Exercise description
Down to the last line below, write out every line exactly, starting with the one that contains "4-Pack: Women's Ultra-Soft" and leaving out the pictures.

Dataset section
=-=-=
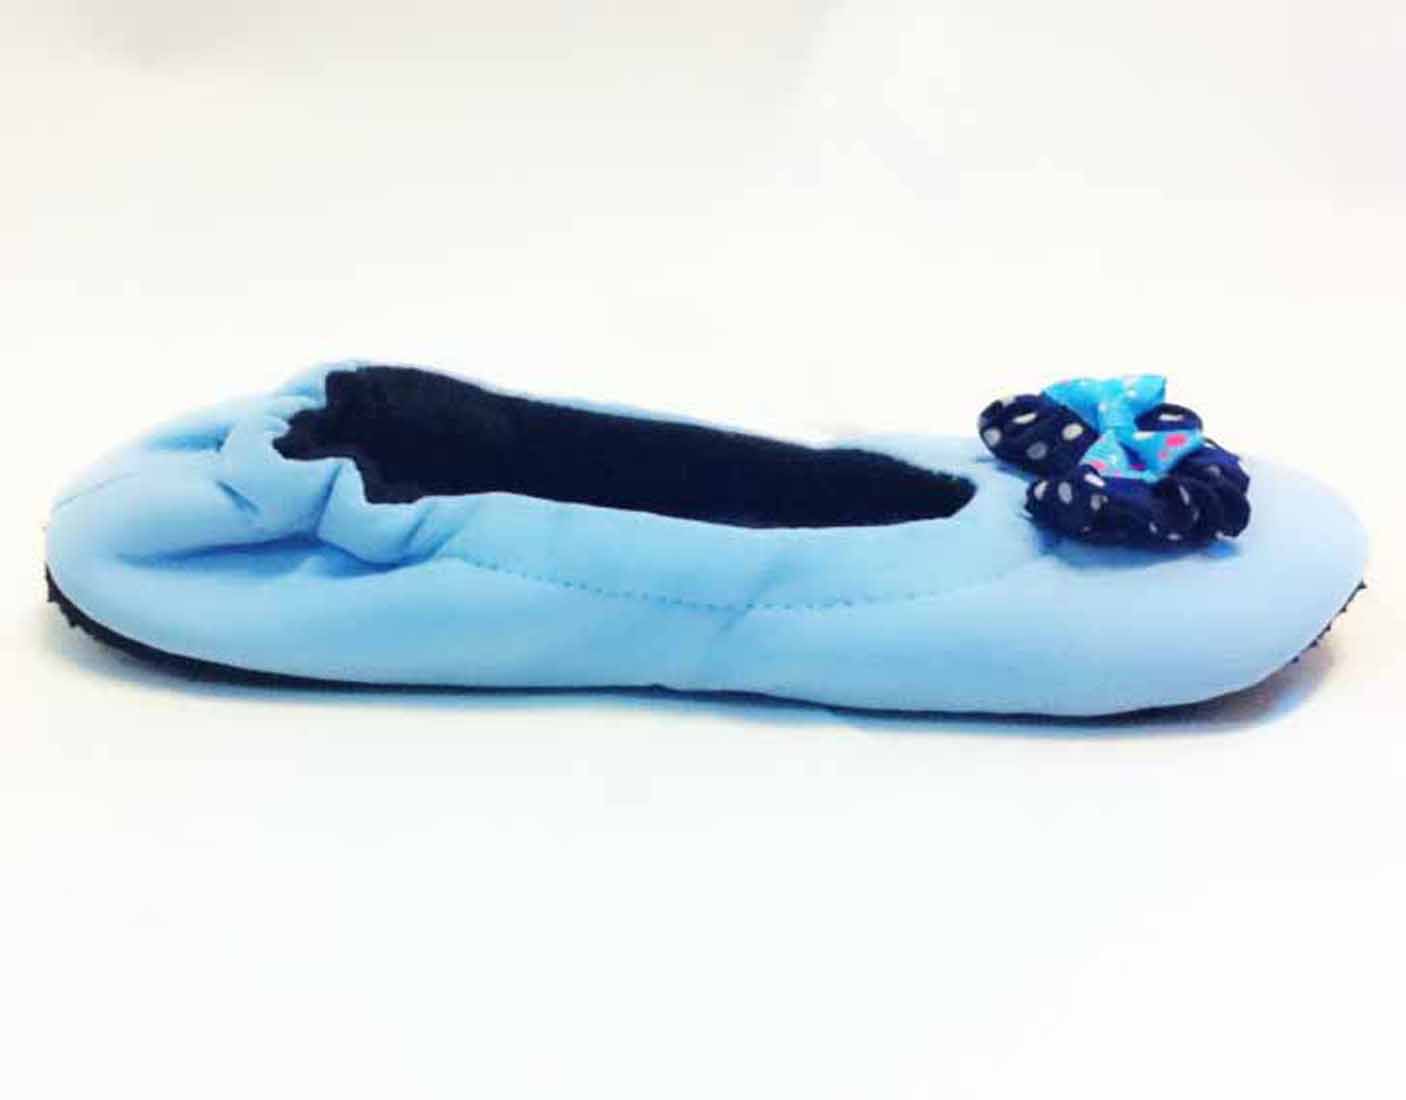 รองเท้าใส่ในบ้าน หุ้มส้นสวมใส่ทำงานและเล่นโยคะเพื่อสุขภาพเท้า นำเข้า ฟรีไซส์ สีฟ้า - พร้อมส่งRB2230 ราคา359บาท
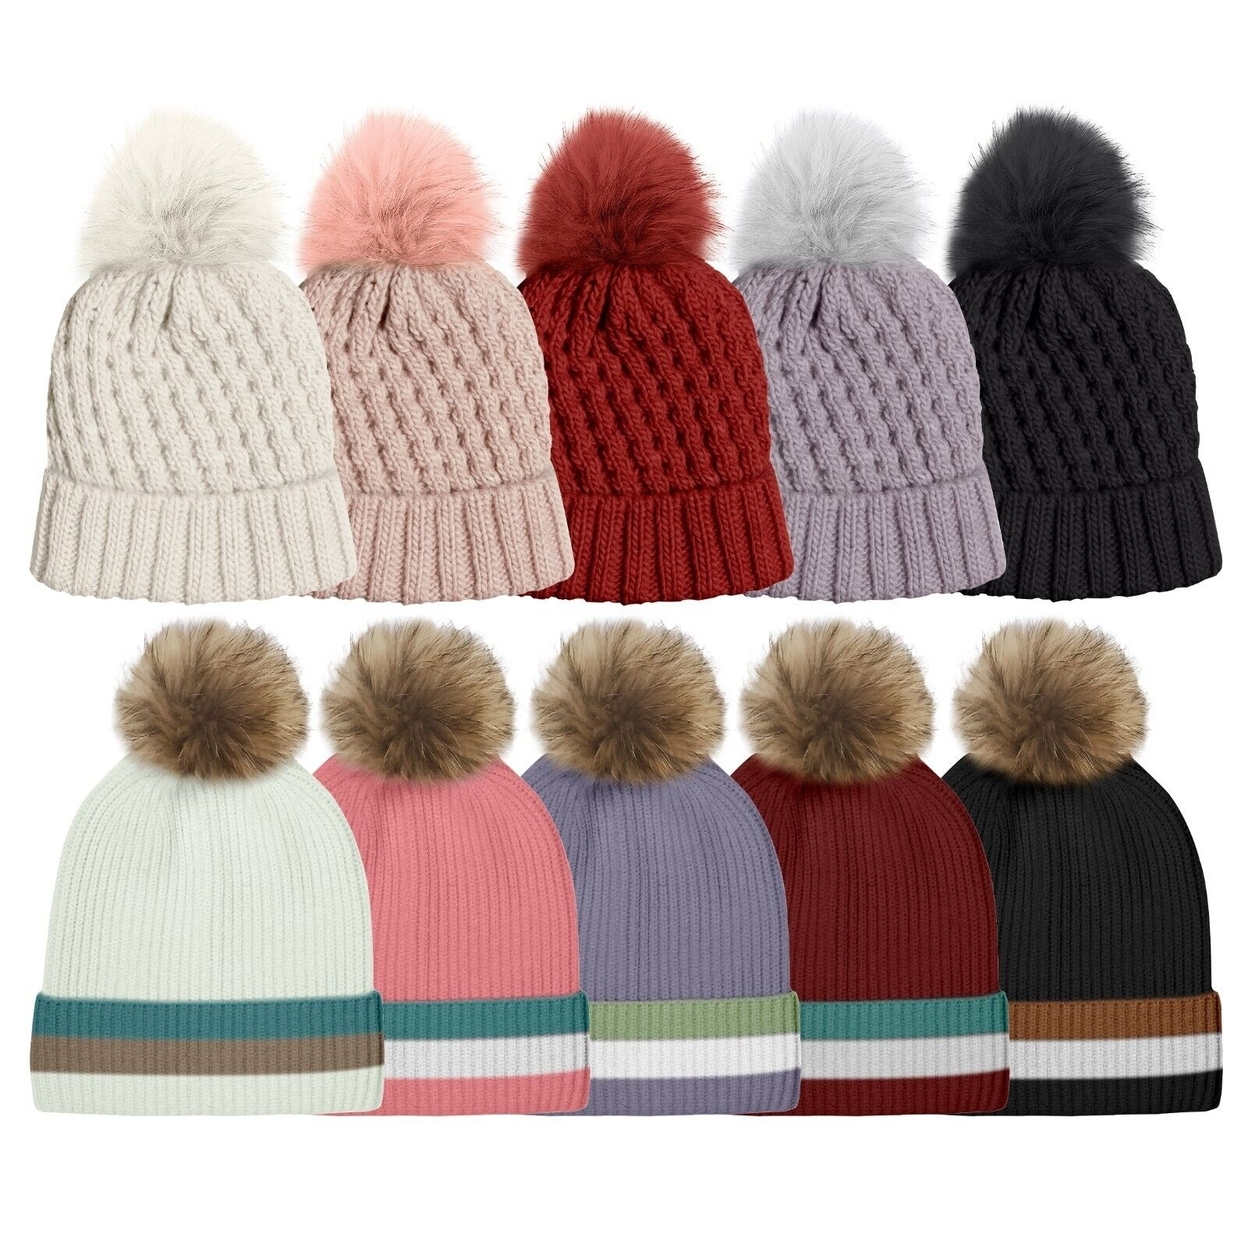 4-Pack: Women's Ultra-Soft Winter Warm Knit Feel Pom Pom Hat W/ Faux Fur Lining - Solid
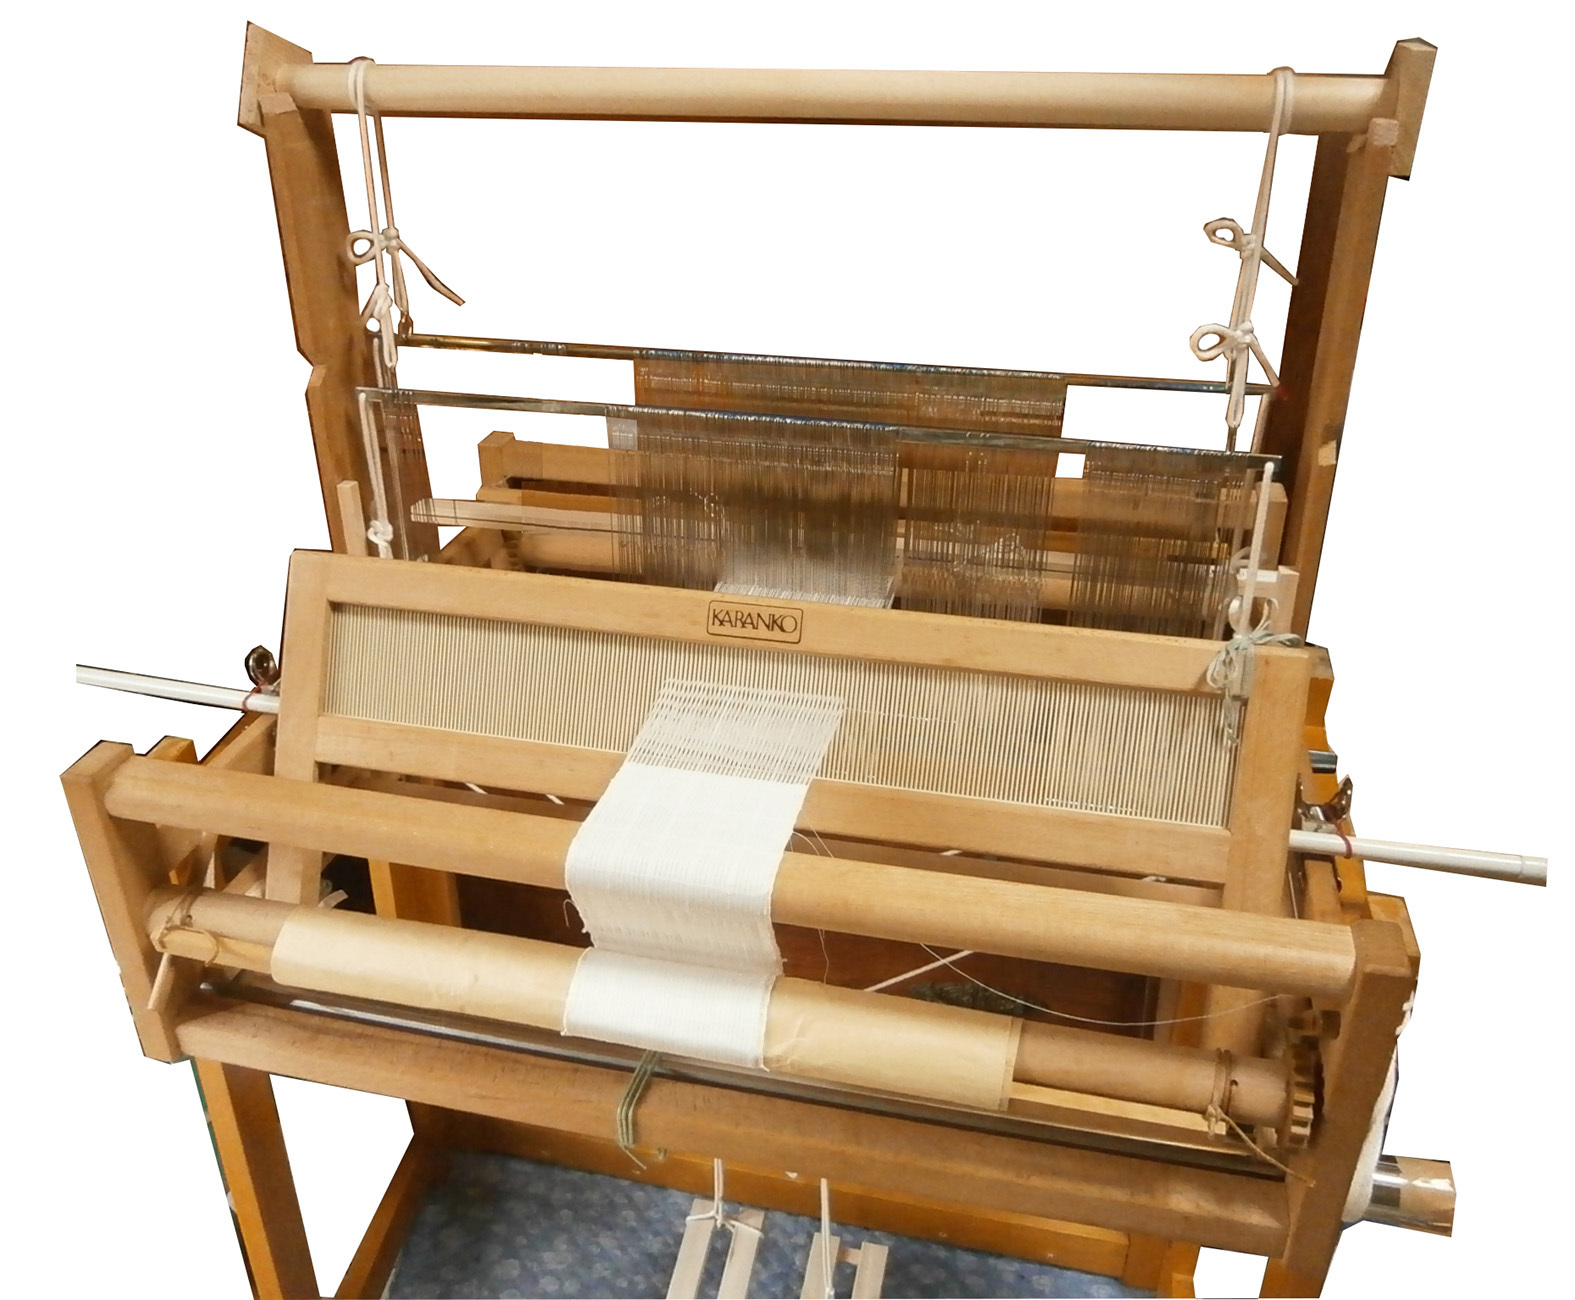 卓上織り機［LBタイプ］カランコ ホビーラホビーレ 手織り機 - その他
=-=-=
Result of the exercise
 4-Pack: Women's Ultra-Soft Winter Warm Knit Feel Pom Pom Hat W/ Faux Fur Lining - Solid
 卓上織り機［LBタイプ］カランコ ホビーラホビーレ 手織り機 - その他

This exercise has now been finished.